## TASK DESCRIPTION
After finding "Parker Duofold red" in the data, write out its line and all following lines without change, up to and including the last one. Leave out pictures.

## DATA EXCERPTS
_____
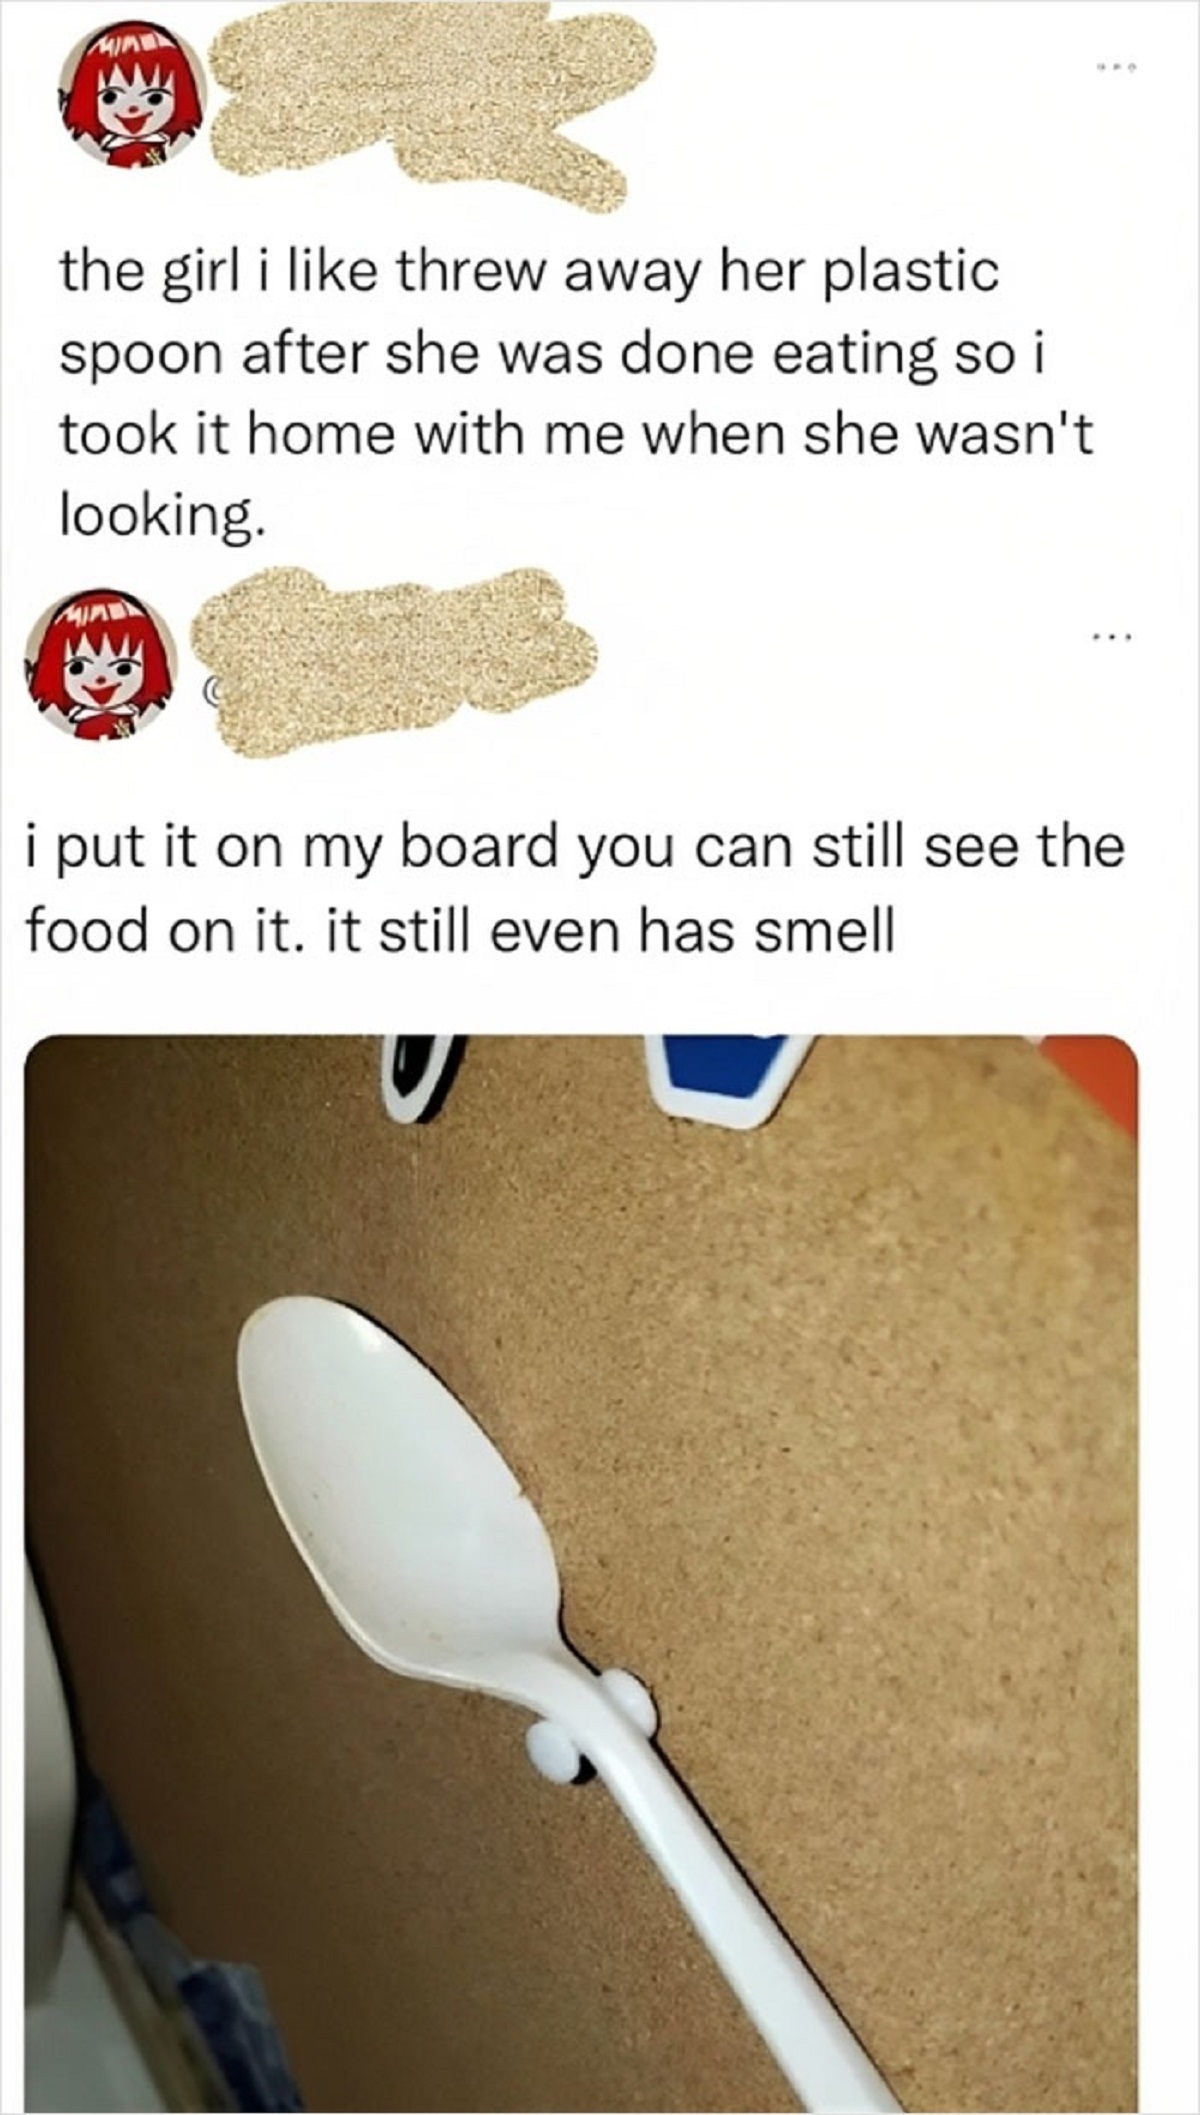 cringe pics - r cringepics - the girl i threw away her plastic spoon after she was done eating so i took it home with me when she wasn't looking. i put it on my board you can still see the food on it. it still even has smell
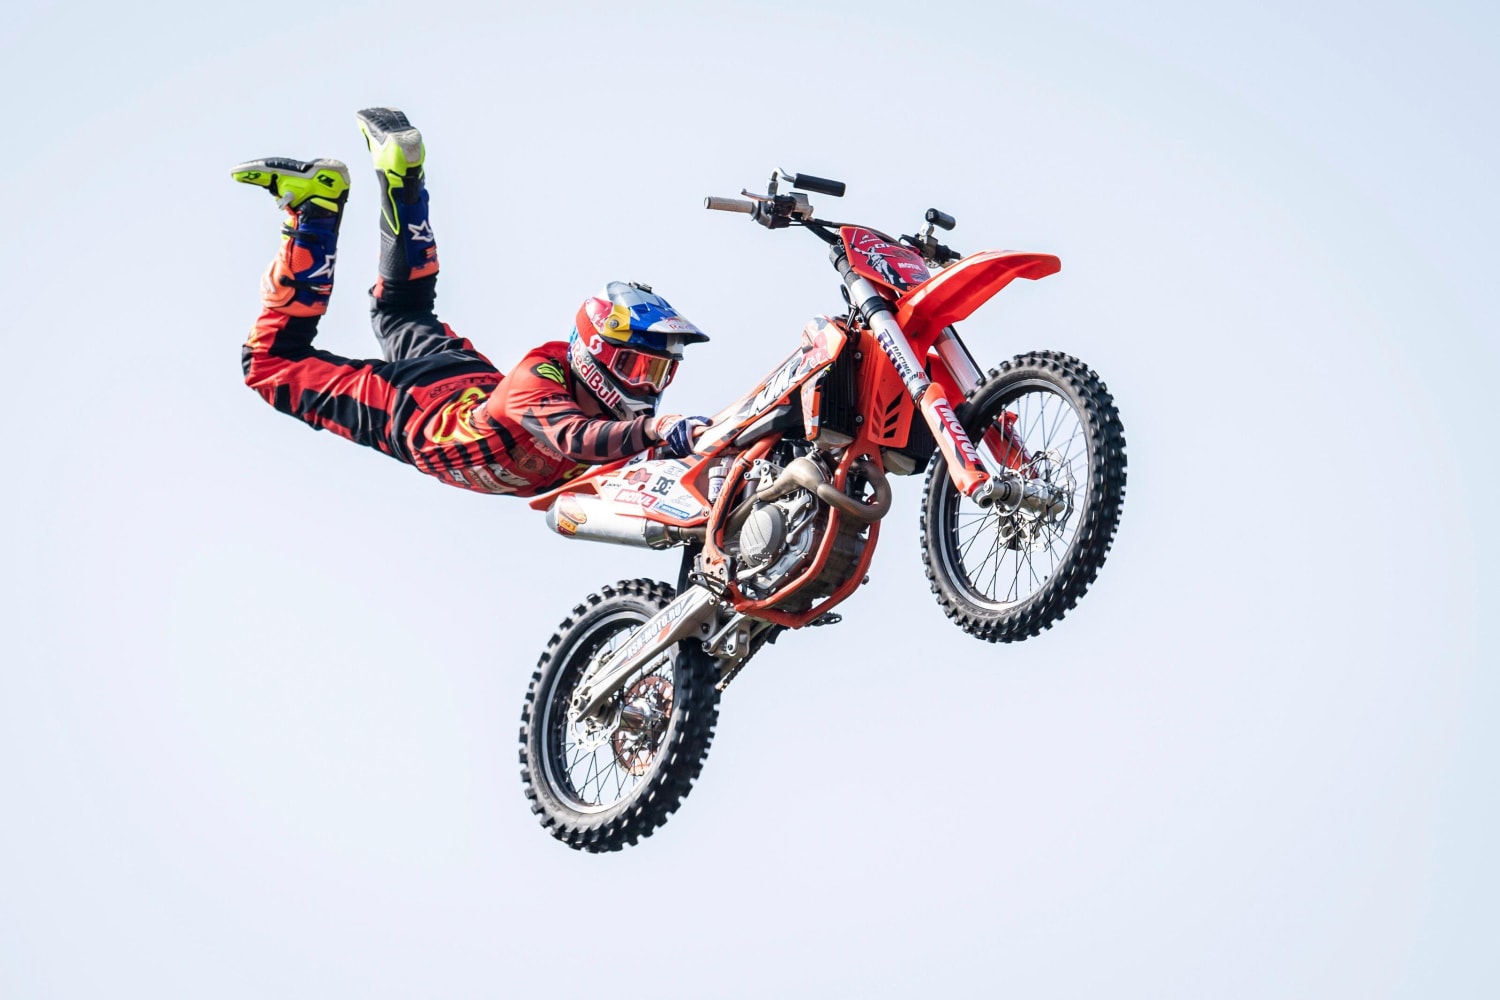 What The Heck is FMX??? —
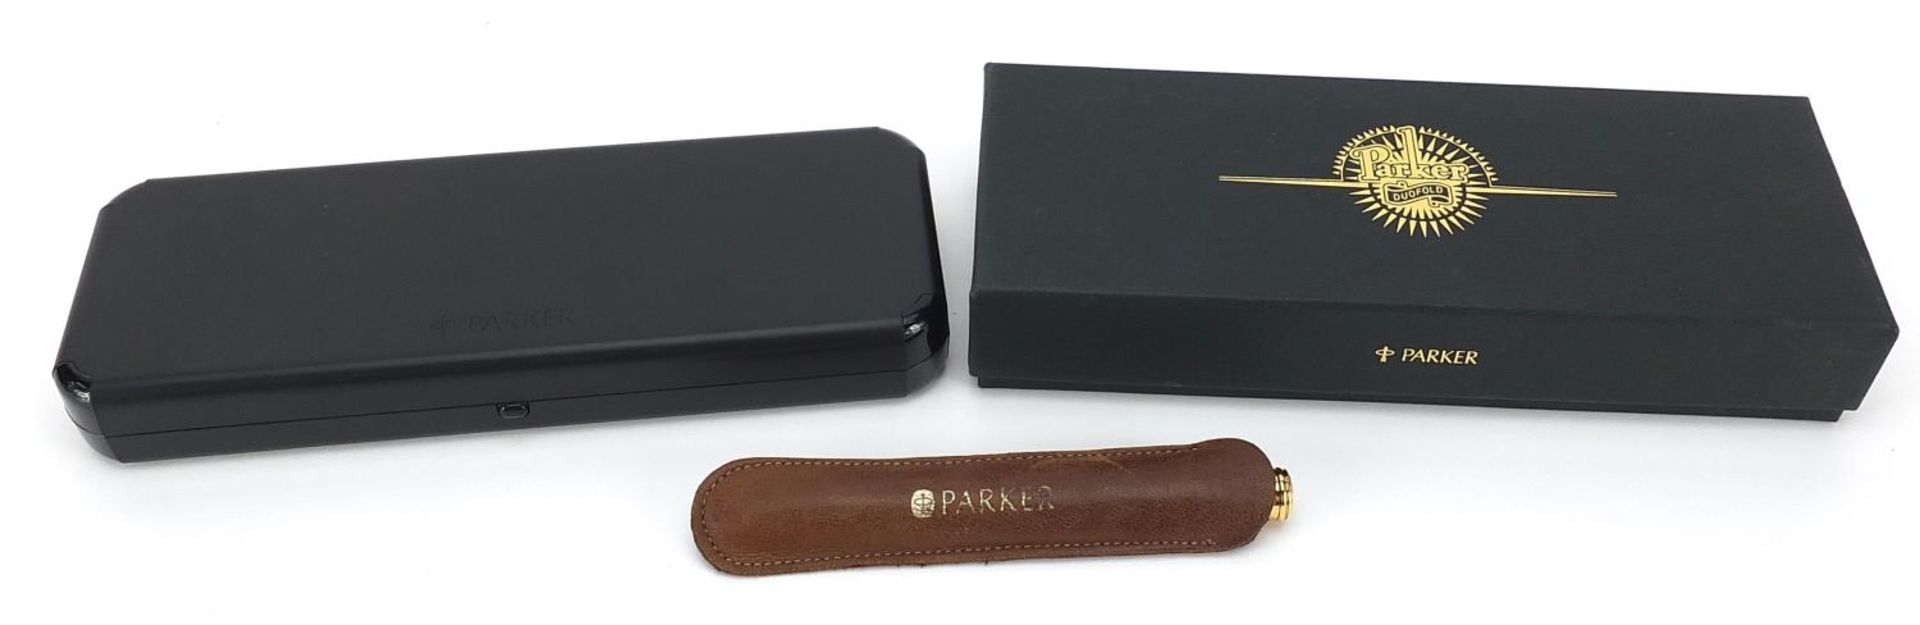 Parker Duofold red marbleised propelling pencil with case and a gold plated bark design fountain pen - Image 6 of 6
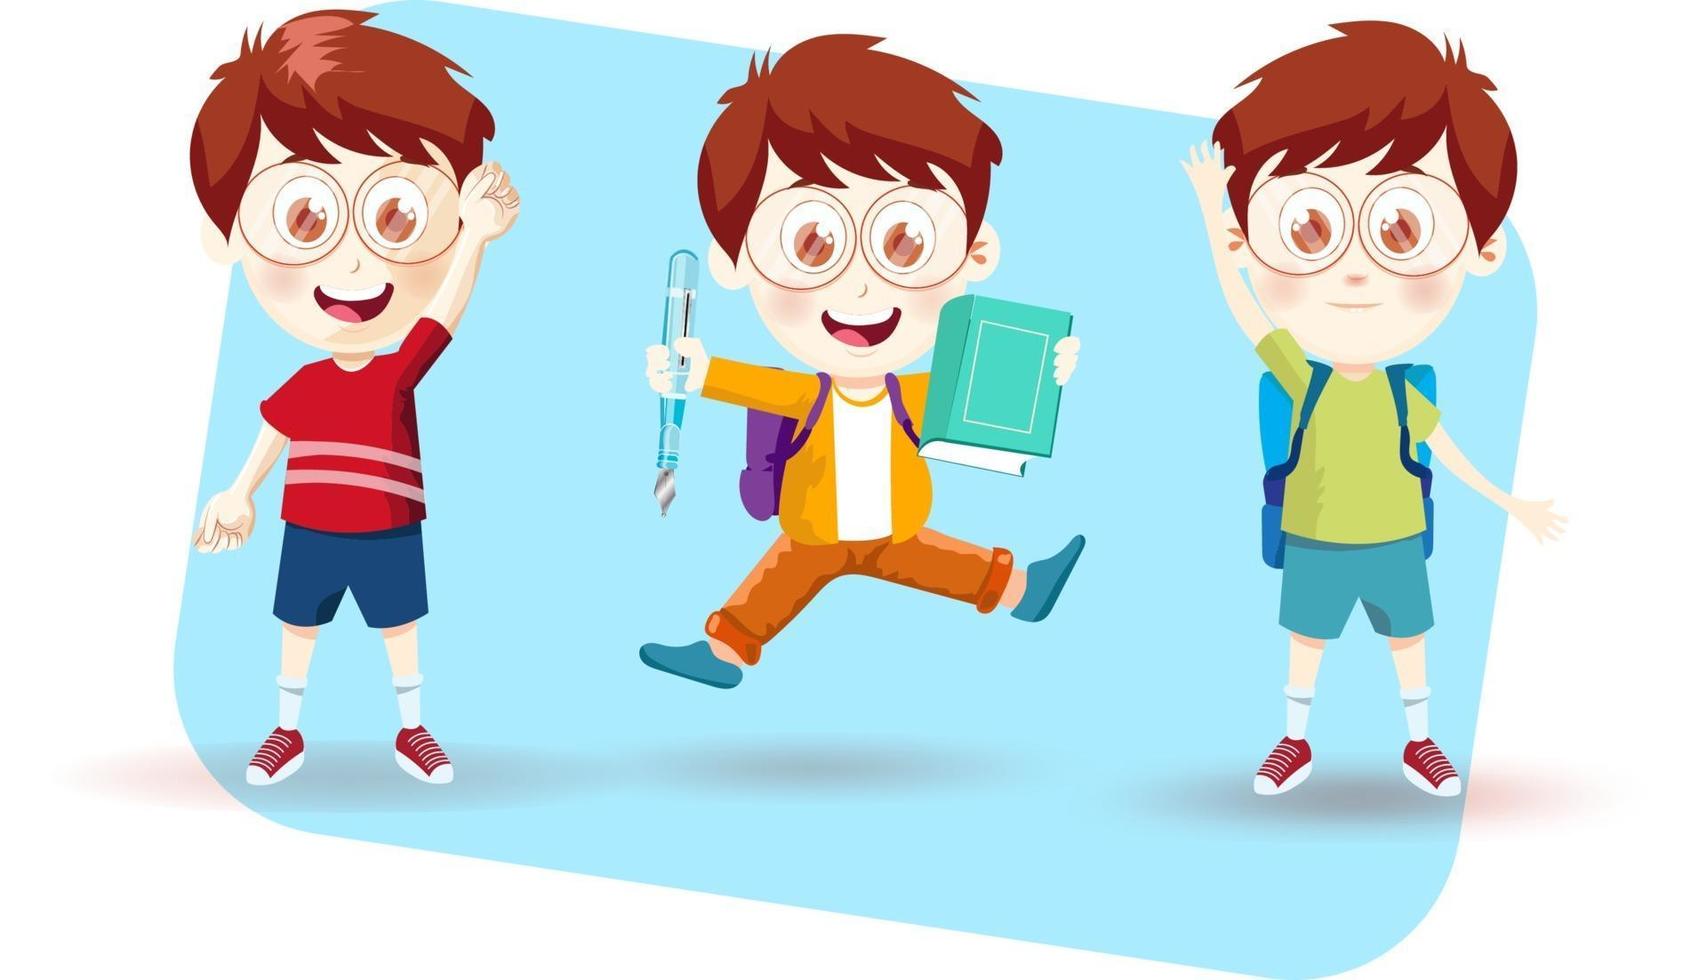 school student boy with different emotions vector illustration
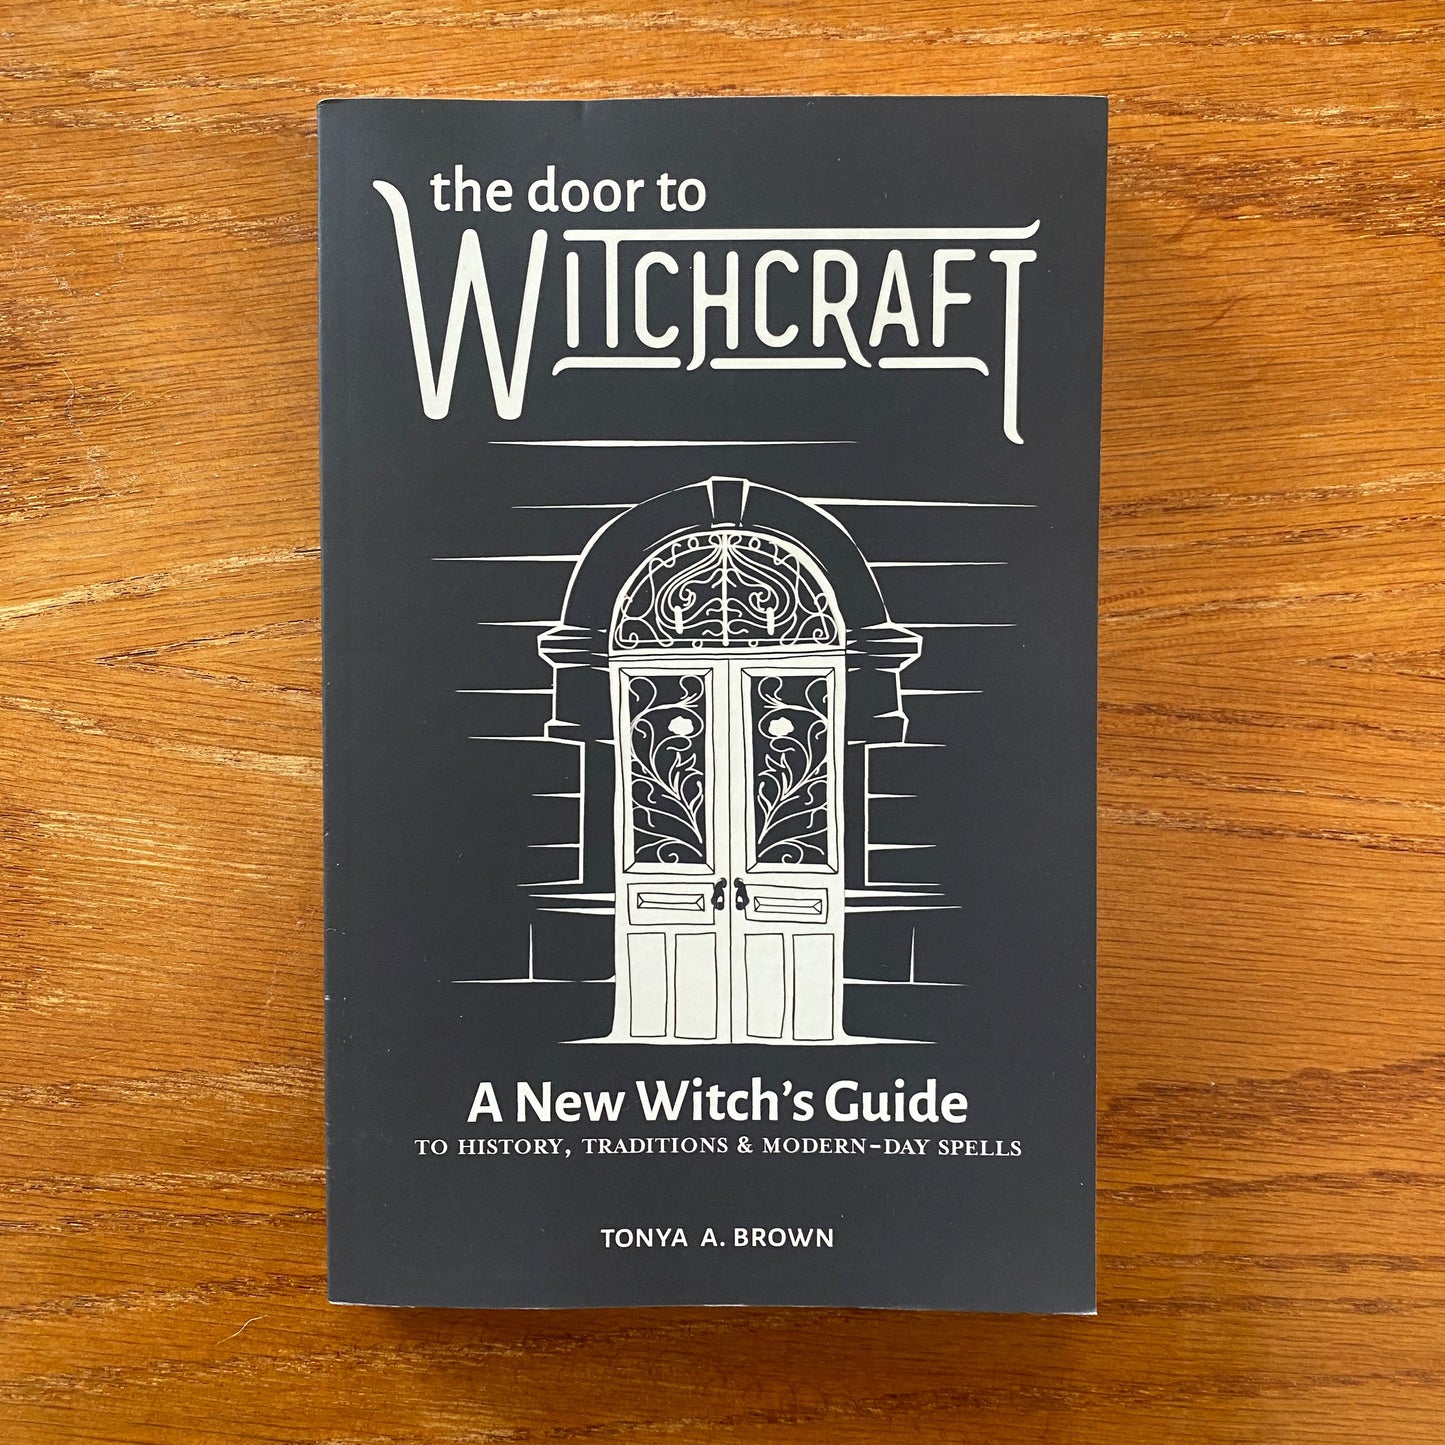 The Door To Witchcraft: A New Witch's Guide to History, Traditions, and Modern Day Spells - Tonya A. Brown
_____
## OUTPUT FOR THIS TASK
 Parker Duofold red marbleised propelling pencil with case and a gold plated bark design fountain pen - Image 6 of 6
 school student boy with different emotions vector illustration
 The Door To Witchcraft: A New Witch's Guide to History, Traditions, and Modern Day Spells - Tonya A. Brown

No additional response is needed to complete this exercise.